▶ Data to examine:
══════════════════════════════

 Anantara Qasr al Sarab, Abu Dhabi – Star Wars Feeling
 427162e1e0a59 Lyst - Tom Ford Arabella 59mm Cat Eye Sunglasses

══════════════════════════════

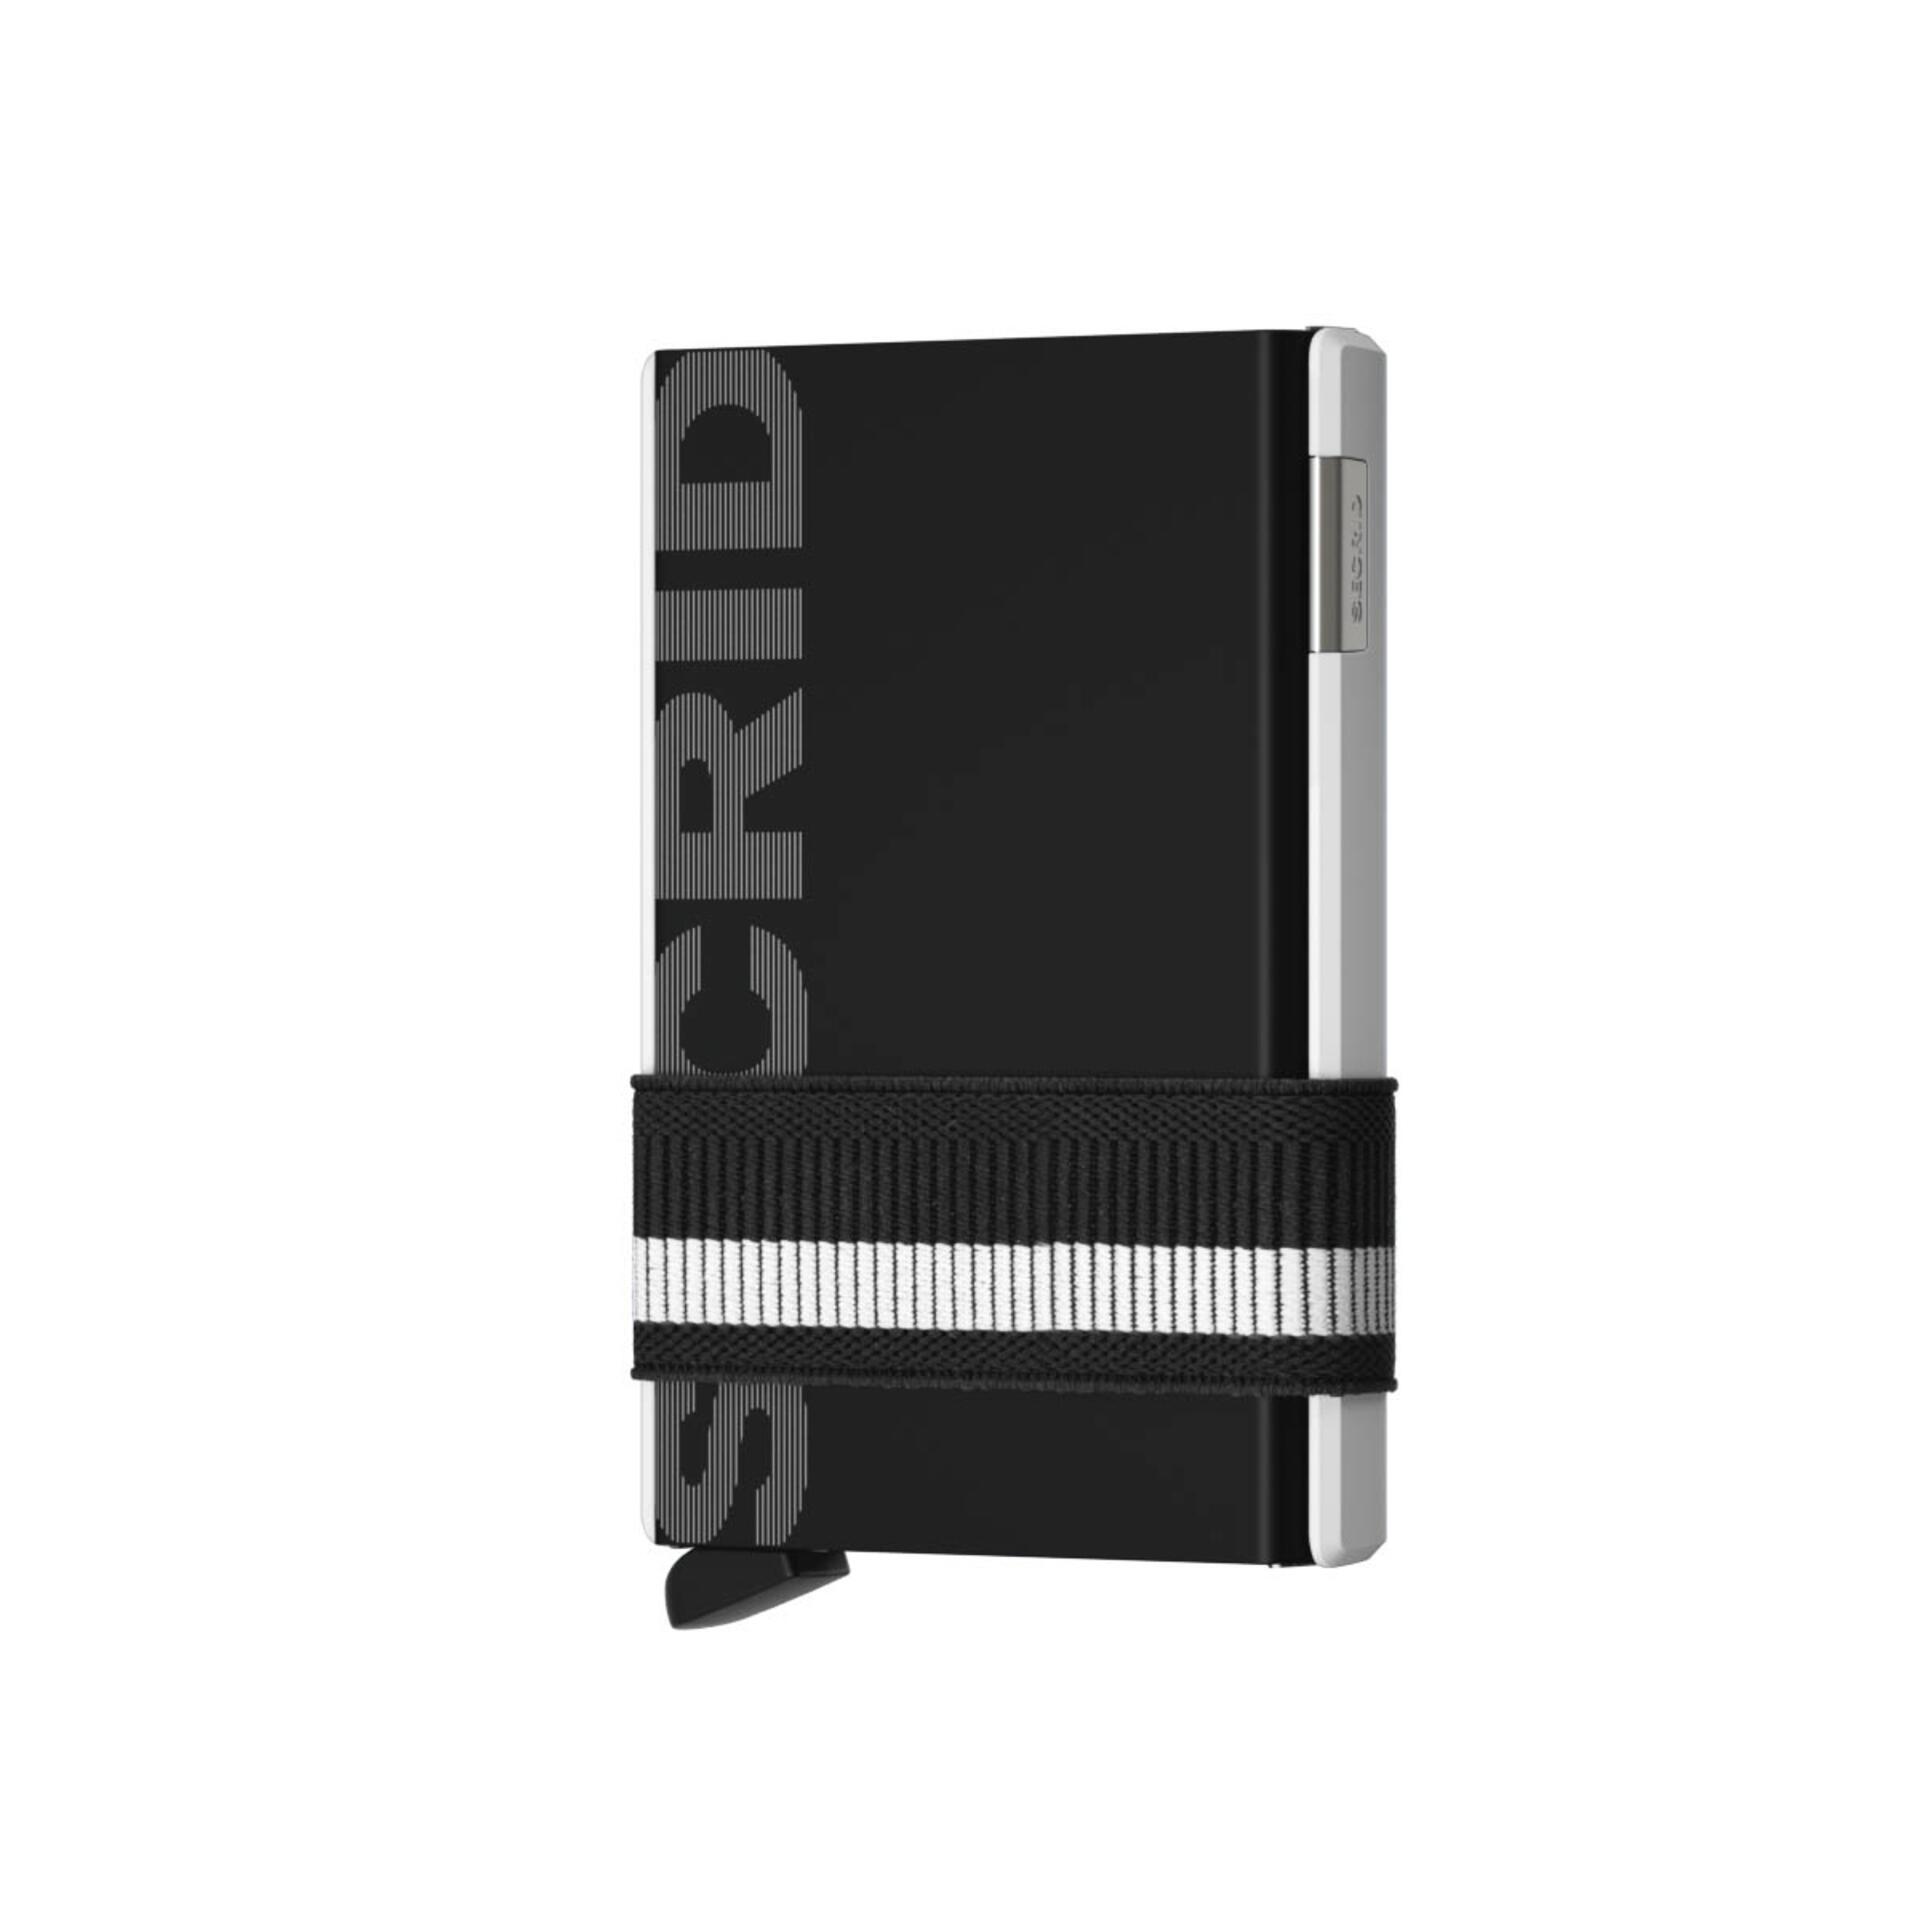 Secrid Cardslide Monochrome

══════════════════════════════

▶ Problem statement: Copy only this part of the entries above: the line with "Anantara Qasr al", the line with "427162e1e0a59 Lyst - Tom", and the lines between, all exactly as written.

▶ Task solution:
 Anantara Qasr al Sarab, Abu Dhabi – Star Wars Feeling
 427162e1e0a59 Lyst - Tom Ford Arabella 59mm Cat Eye Sunglasses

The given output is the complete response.